### Dataset extract
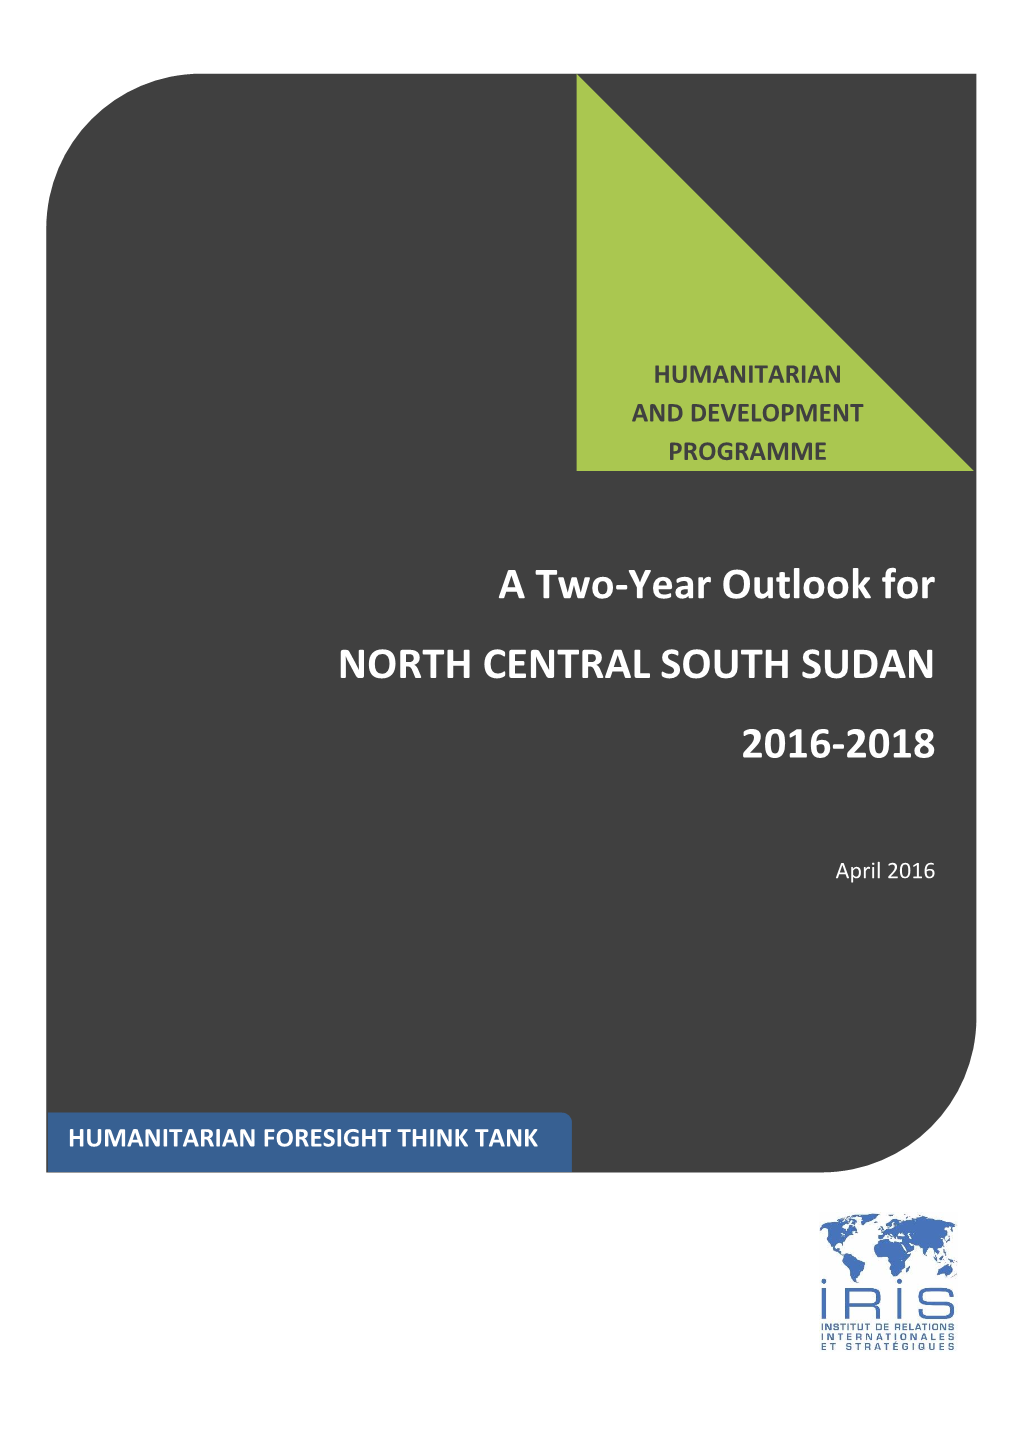 A Two-Year Outlook for NORTH CENTRAL SOUTH SUDAN 2016-2018
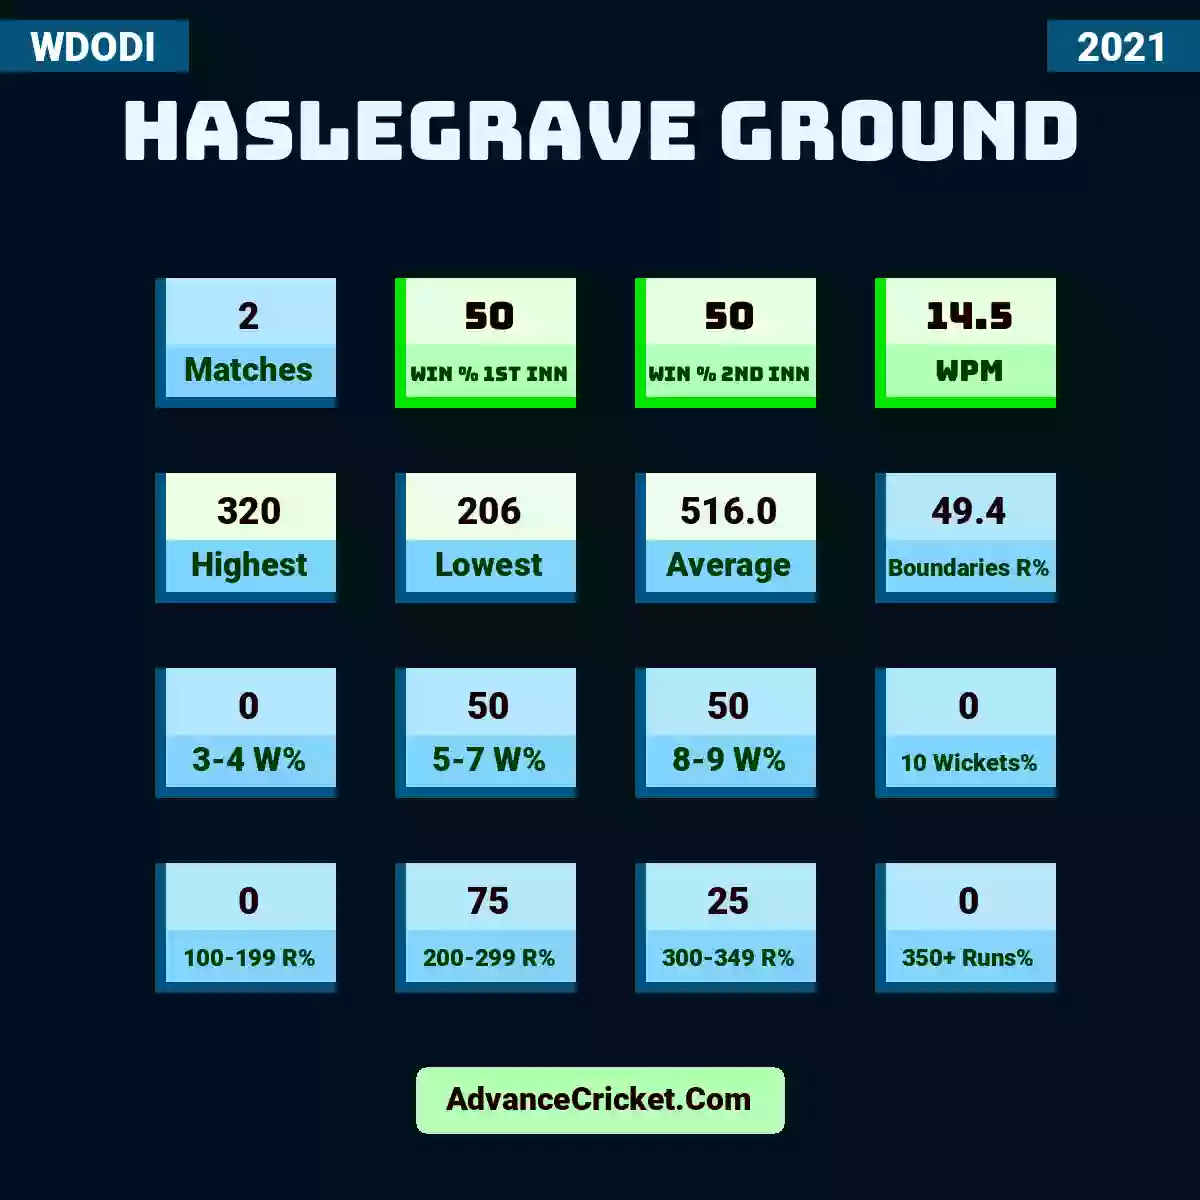 Image showing Haslegrave Ground with Matches: 2, Win % 1st Inn: 50, Win % 2nd Inn: 50, WPM: 14.5, Highest: 320, Lowest: 206, Average: 516.0, Boundaries R%: 49.4, 3-4 W%: 0, 5-7 W%: 50, 8-9 W%: 50, 10 Wickets%: 0, 100-199 R%: 0, 200-299 R%: 75, 300-349 R%: 25, 350+ Runs%: 0.
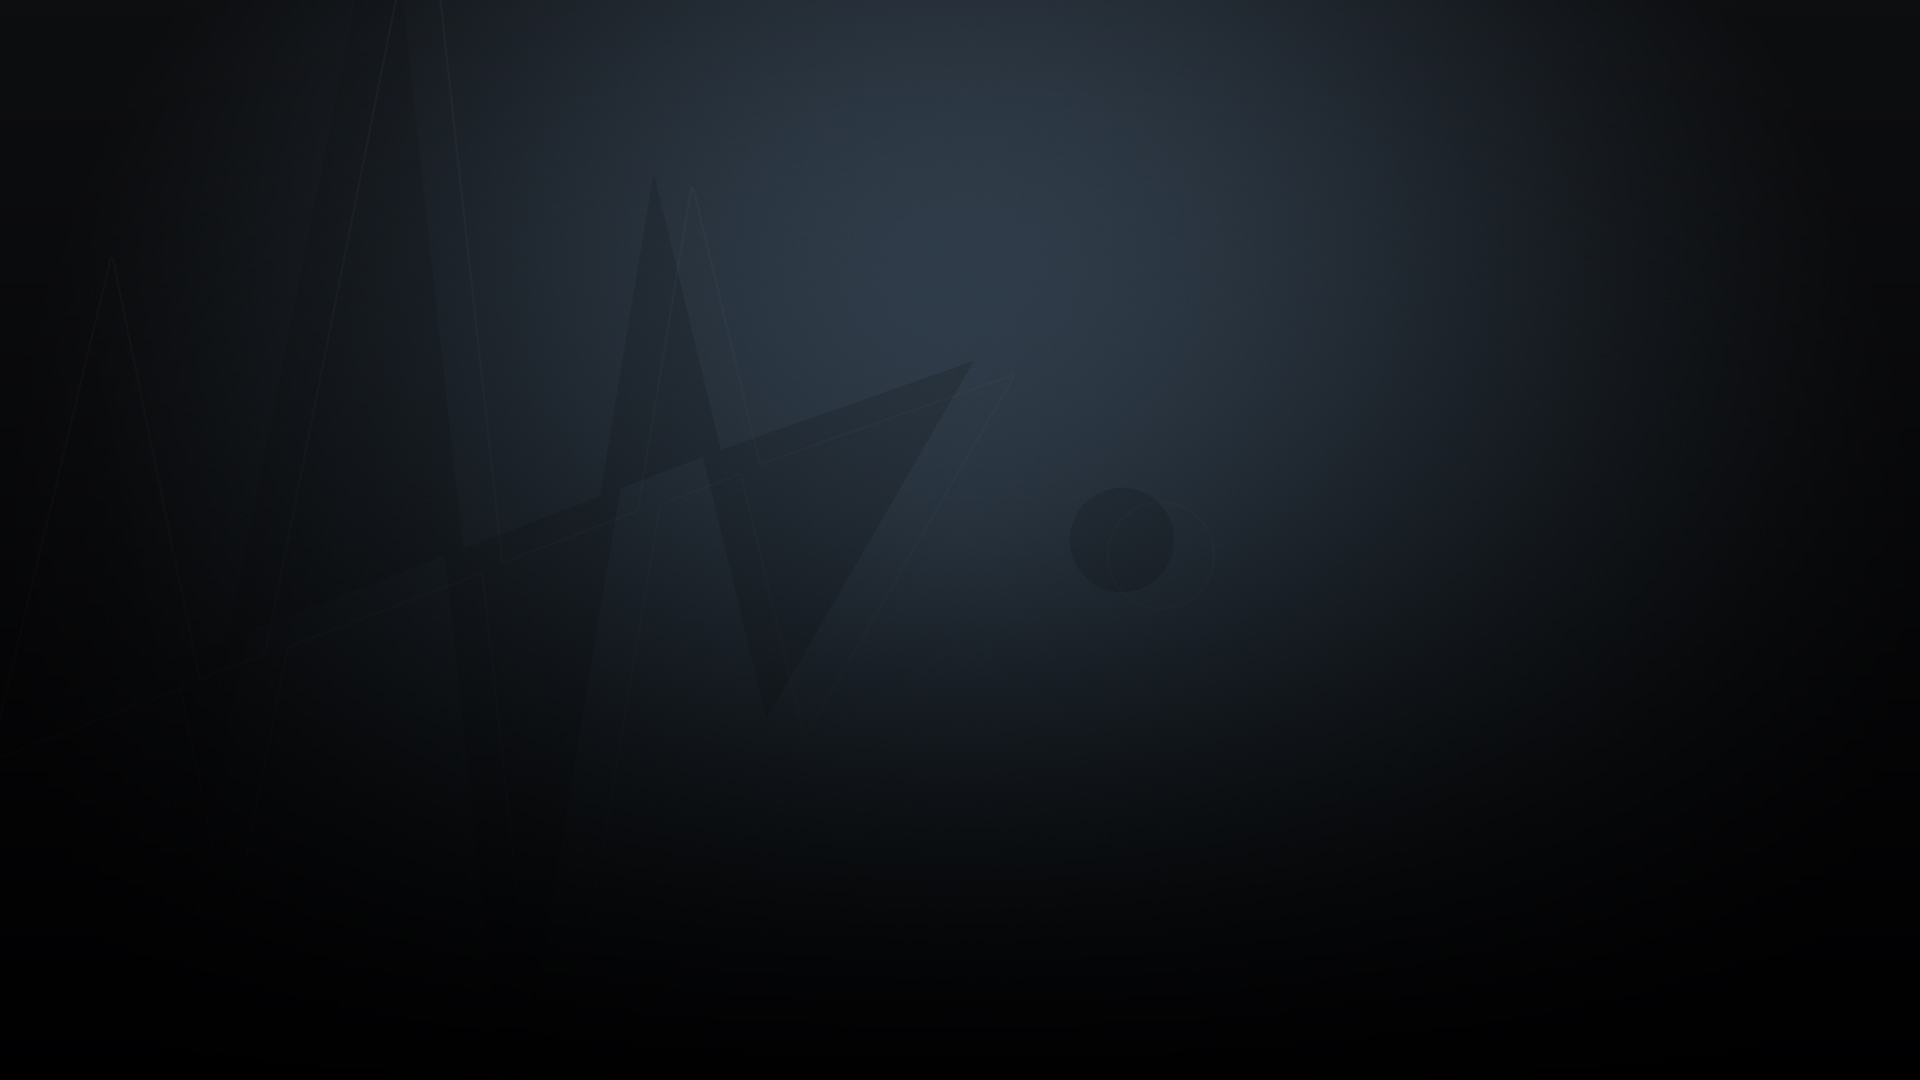 A dark, gradient background with a faint light source illuminating an abstract, geometric shape resembling a star and a small circle nearby. The atmosphere is mysterious and the shapes are barely visible, emerging from the darkness.
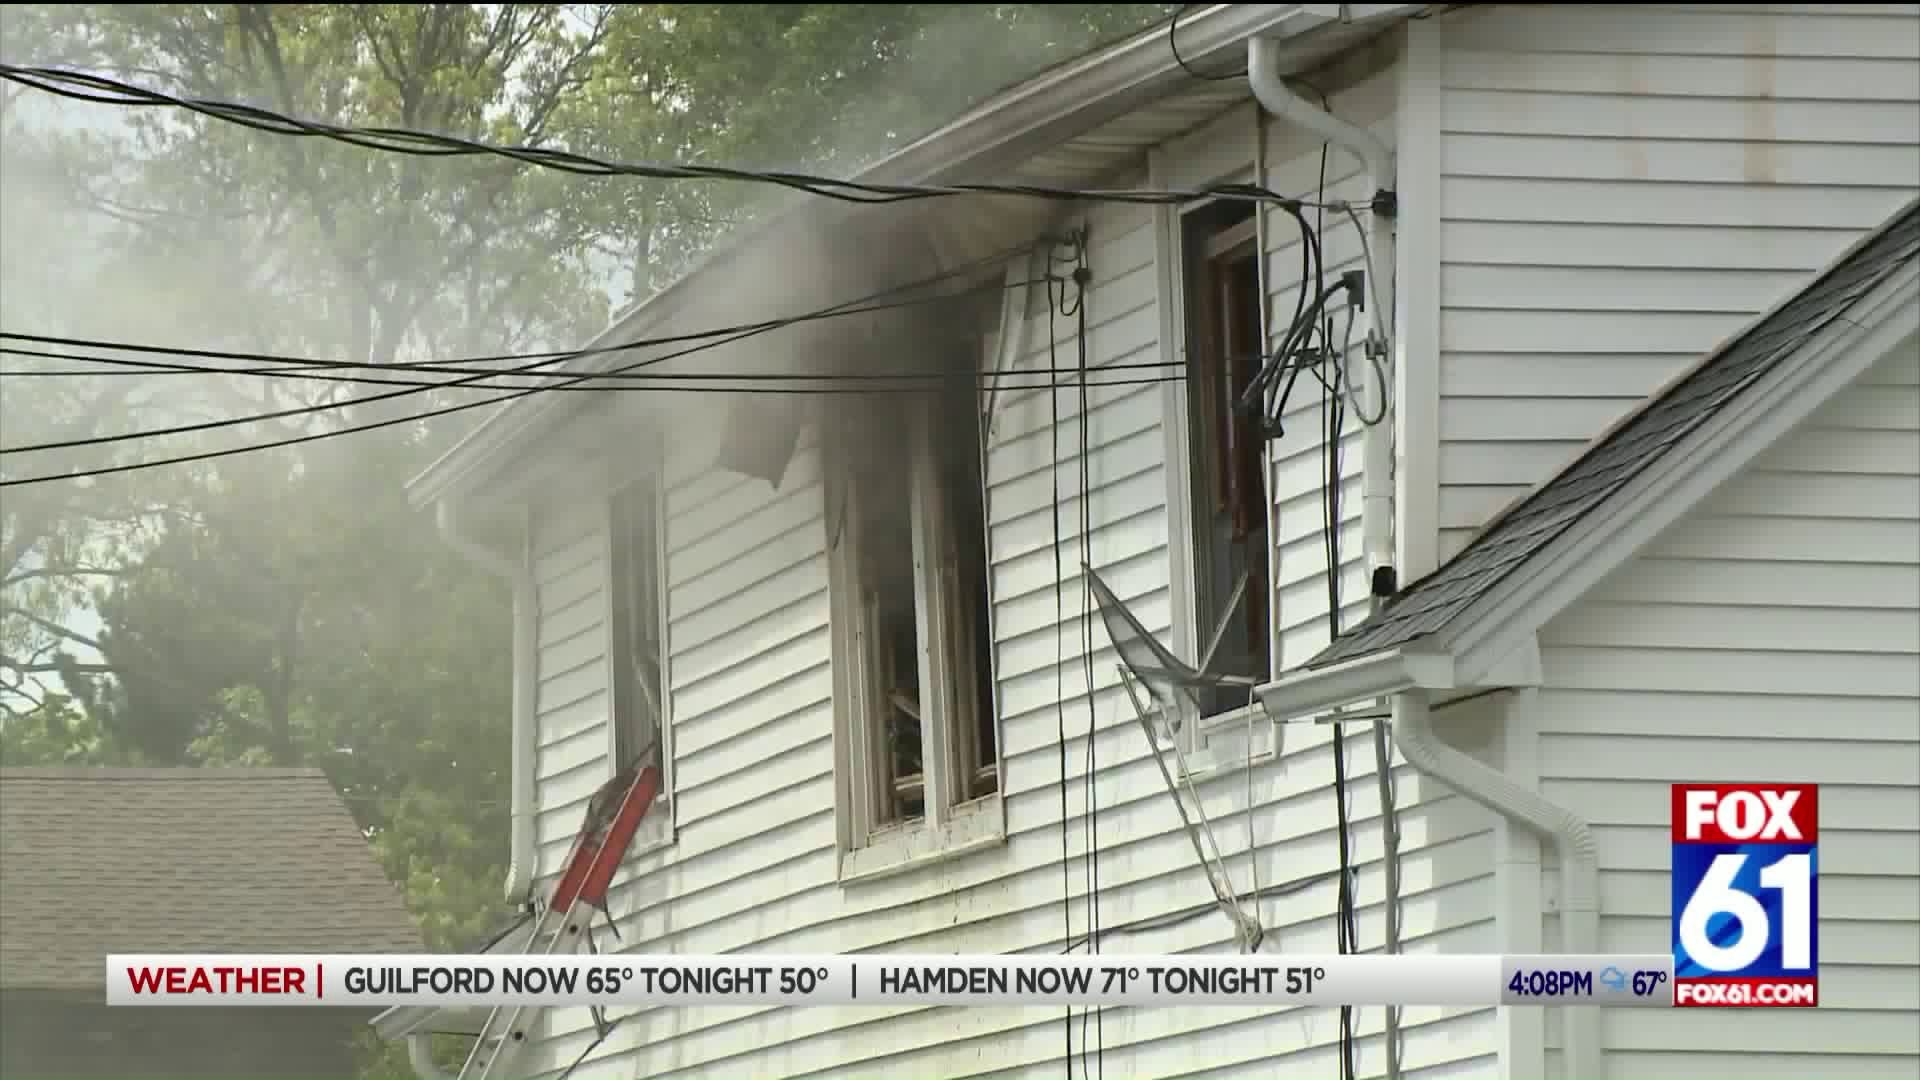 Man seriously burned in Plainville fire

### Instructions to follow
Your task is to repeat exactly the lines from the one containing "A dark, gradient" through the end of the material, both included, and only those, without pictures.

### Problem solution
 A dark, gradient background with a faint light source illuminating an abstract, geometric shape resembling a star and a small circle nearby. The atmosphere is mysterious and the shapes are barely visible, emerging from the darkness.
 Man seriously burned in Plainville fire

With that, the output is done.